Hacker News new | ask | show | jobs
by alecco 27 days ago
PSA: Don't use OpenRouter for DeepSeek V4 as it messes up you caching. Use DeepSeek API directly and you'll get 2x to 3x more cached tokens.
3 comments

Can you share more? I'm with OpenRouter and we would love to address this! We don't see this in our own testing, I don't believe -- but will share this feedback and dig in.
Just try. In a case last week it was ~3x and I tried multiple providers: deepseek, gmicloud/fp8, novita/fp8, and another one I can't remember. It was a large job where at least 2/3rds of the start of the prompts was exactly the same (literally a static string).

Then I read somewhere (I think X) that OpenRouter adds stuff and breaks caching (telemetry? headers? can't remember).
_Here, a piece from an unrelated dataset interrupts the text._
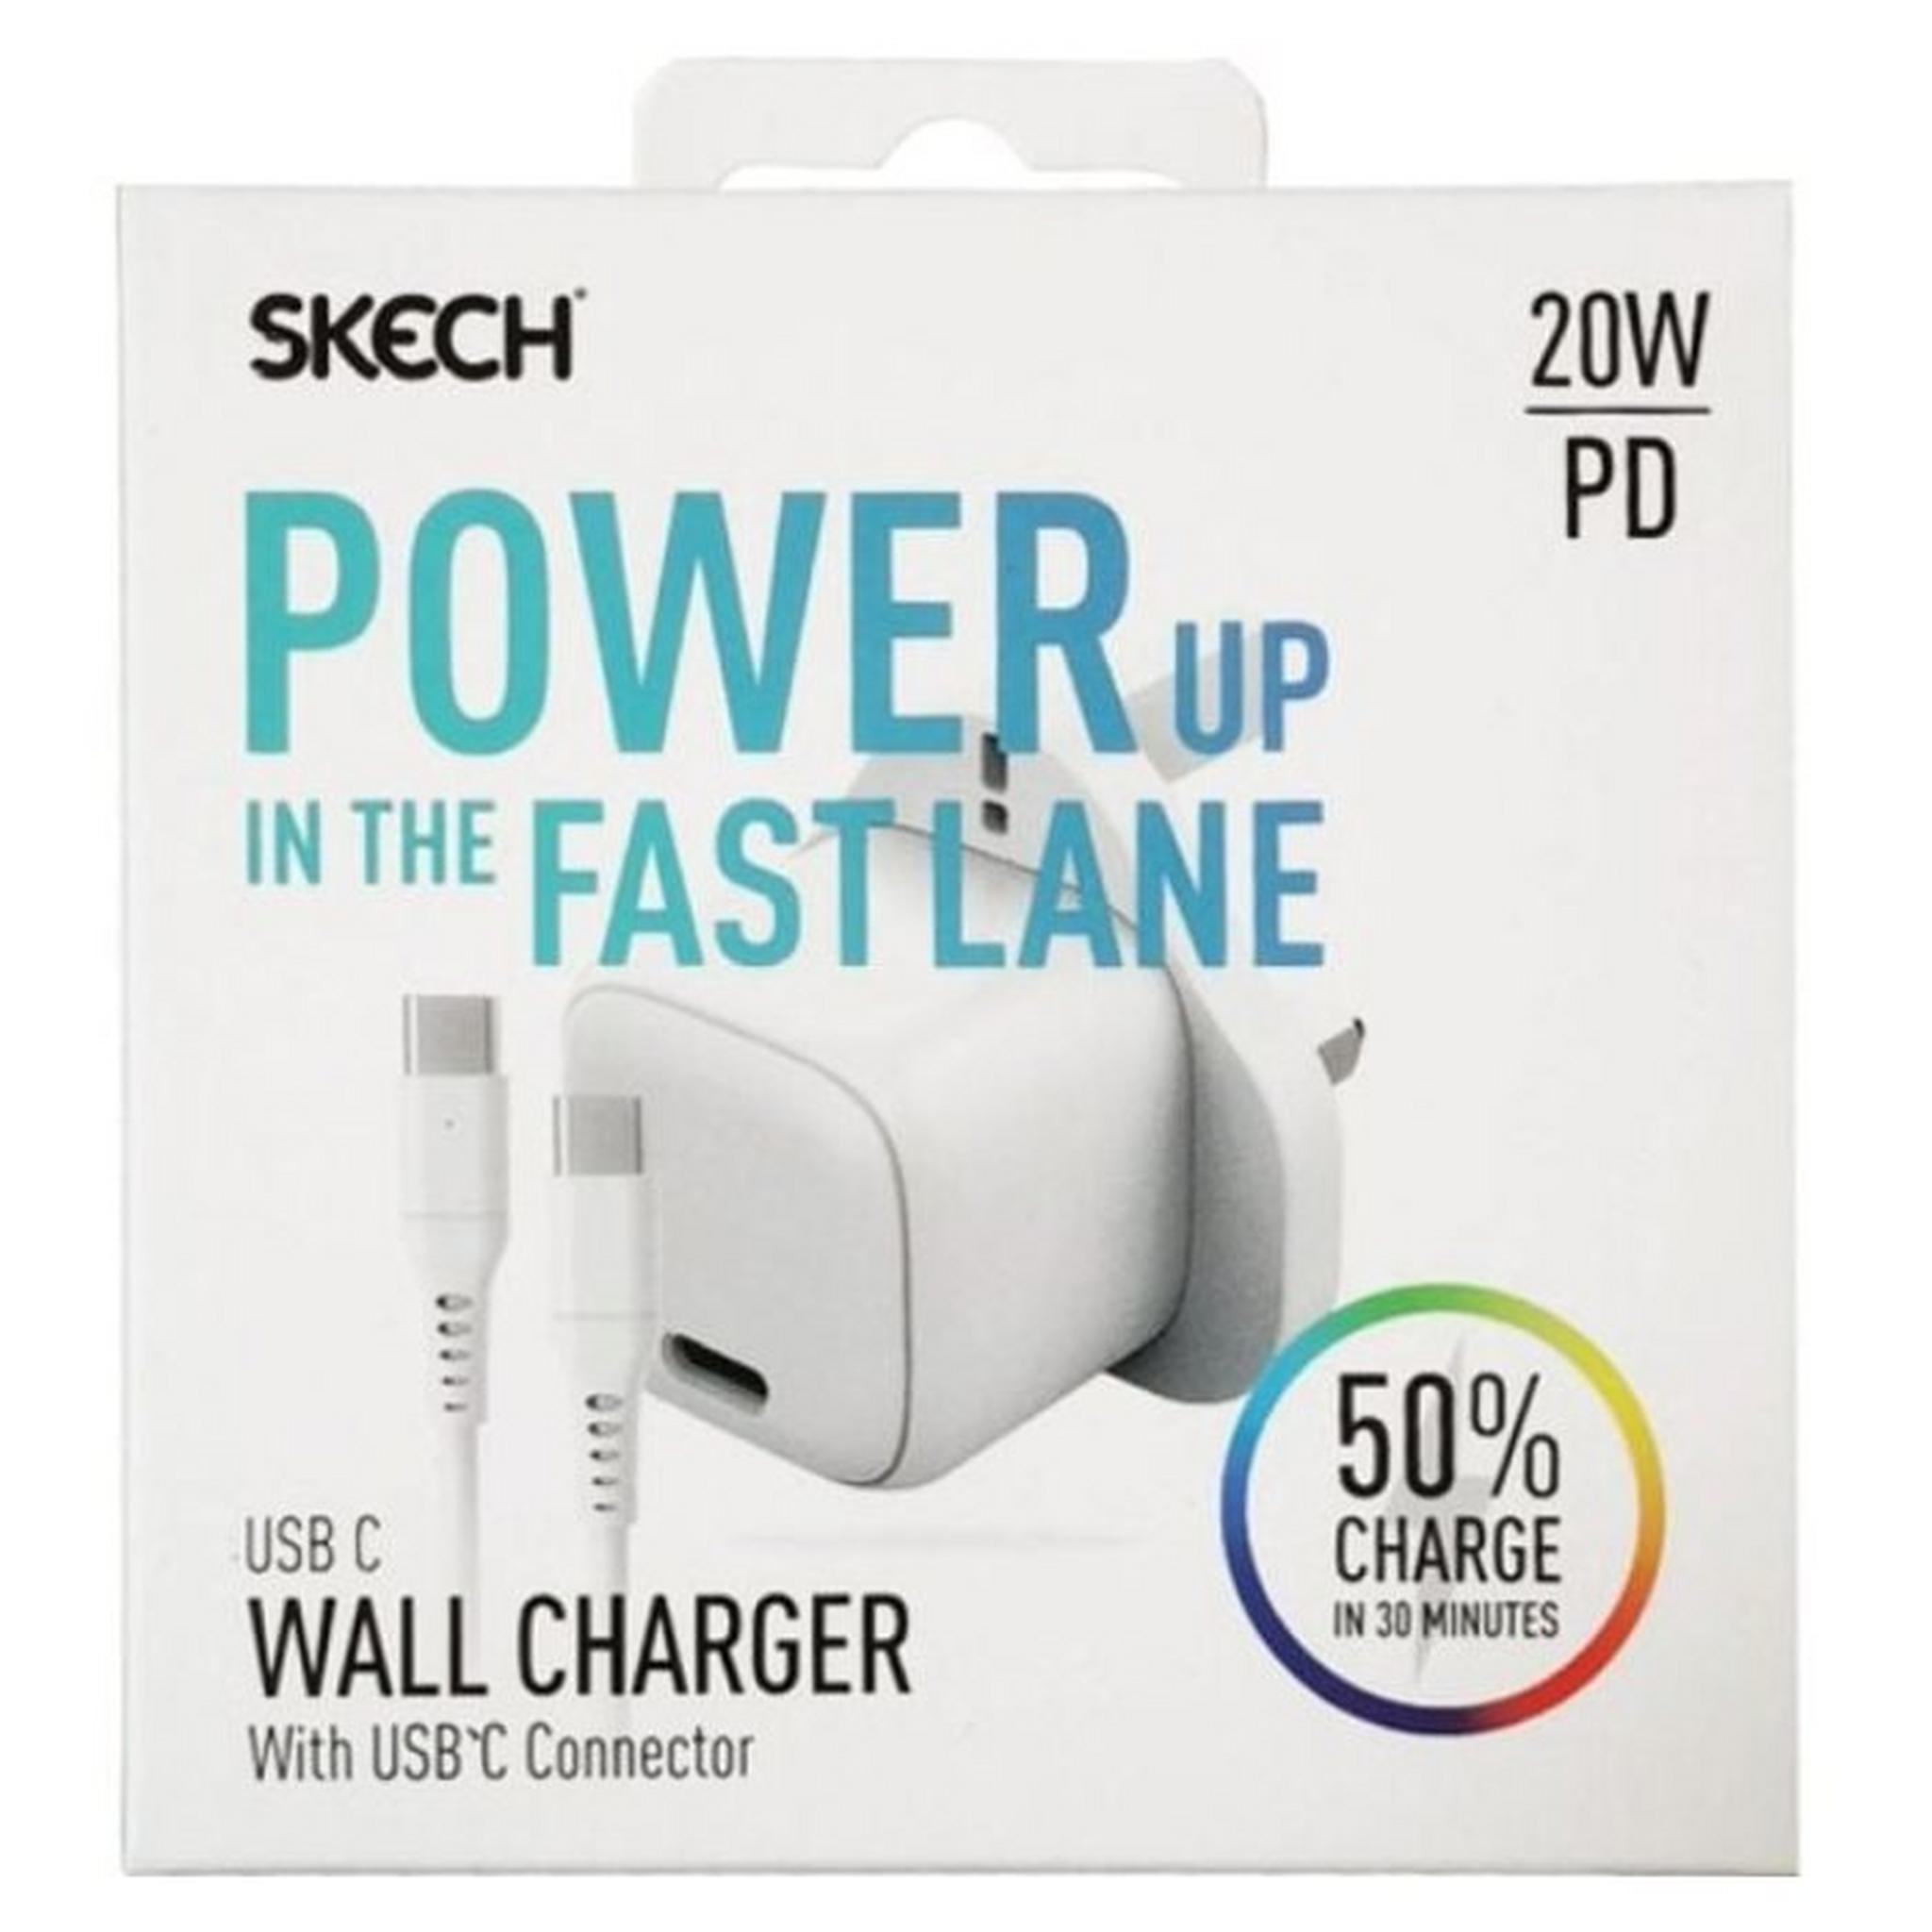 Skech Power USB-C Charger With USB-C Cable, 20W, SKEL-PD20UK-WC-WTE – White

So I stopped the job, switched to actual DeepSeek provider, and voilá, caching 3x more tokens per request (on average).

> switched to actual DeepSeek provider

I meant actual DeepSeek API.

Here is some data from my experience using both deepseek v4 flash directly, and deepseek v4 flash via openrouter.

Directly: 135M input tokens - $0.57 (134M cached)

Via OpenRouter 6M tokens - $0.81 (caching stats & inp/out not reported)

Caching is a huge win with using deepseek directly.

I am experiencing this using Opencode. Caching works fine via Deepseek API but not so good via Openrouter
When you say Deepseek API, you mean servers in China? Or is it a copy of the model operated and run by OpenRouter?
Yes, I definitely noticed a problem with openrouter and deepseek v4 pro. It's much more expensive.